Echoing Biden’s point about gas prices, Daco also predicted that the headline inflation rate would start to fall as early as this month. Since the end of October, the price of crude oil has dropped by more than ten dollars a barrel on world markets, which is now resulting in slightly lower prices at the pump. According to A.A.A., the average price of gasoline nationwide is $3.34 a gallon, compared with $3.42 a month ago. “In the December inflation report, you are going to see disinflation in energy prices,” Daco said. “We think the peak in the headline rate of inflation is now.” By February, Oxford Economics forecasts, the inflation rate will edge down to 6.3 per cent. In June, it will be 4.1 per cent, and in November, 1.9 per cent. The forecast shows the “core” inflation rate, which excludes volatile energy and food prices, moving in the same direction, though a bit more slowly. It peaks in February at 5.2 per cent, before falling to 3.2 per cent in June and 2.2 per cent in November.

This is only a prediction, of course, and it might prove overly optimistic. In a Twitter post on Friday, another Wall Street prognosticator, Ian Shepherdson, the chief U.S. economist at Pantheon Macroeconomics, warned that core inflation could reach as high as seven per cent over the next few months. But Shepherdson, like Daco, also raised the possibility that falling gas prices may mean the headline rate has already peaked. In a recent note to clients, Shepherdson said that inflation should abate considerably further into 2022, as some problems with the supply chain are resolved and productivity rises, a point he reaffirmed to me on Friday. “If we’re right about all of this,” he wrote, “core PCE inflation”—another measure, which the Fed watches closely—“should end next year below 3%, and falling.”
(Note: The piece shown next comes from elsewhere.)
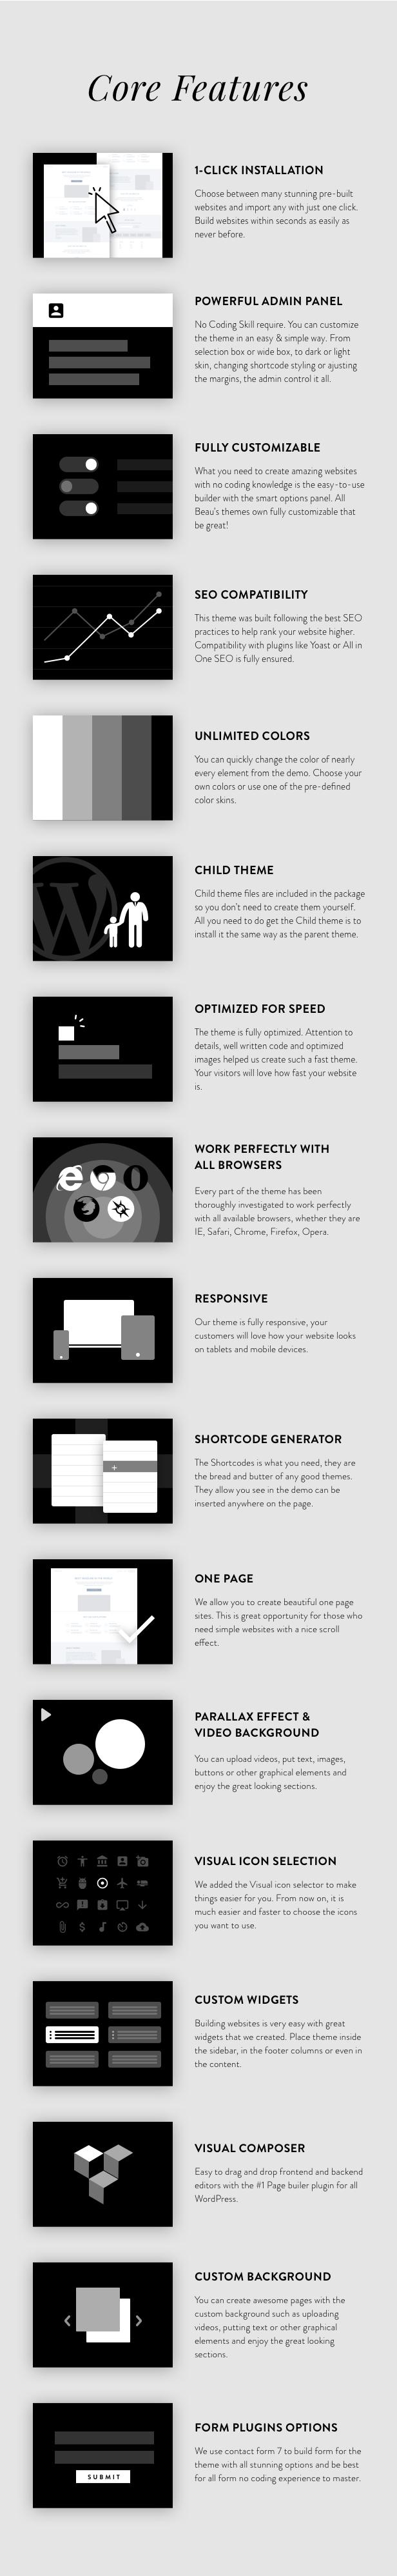 FilmMaker WordPress Theme: Filmstudio - Filmproduktion - Video Blogger - Kreativagentur - 4

Biden and the Democrats will be hoping fervently that these predictions prove accurate. If they do, and if the Fed manages to alter course without precipitating a financial crash, the White House could go into the midterms pointing to a historic recovery from the pandemic, higher wages for frontline workers, and an inflation threat that is receding. To be sure, this scenario involves big ifs. When I asked Daco what would make him reconsider his benign inflation forecast, he pointed to two dangers: a sharp rise in inflation expectations or a further pickup in wage growth. If both these things occurred simultaneously, they could generate a damaging wage-price spiral. So far, Daco insisted, he hasn’t seen persuasive evidence of either. “Let’s see what wage growth is six months from today,” he said. “I wouldn’t be surprised if by the spring it is starting to edge down.” With the Omicron variant adding another unpredictable variable to the economic equation, only the passage of time will tell us whether his optimism is justified. Right now, for Biden and the Democrats, six months seems a long time away.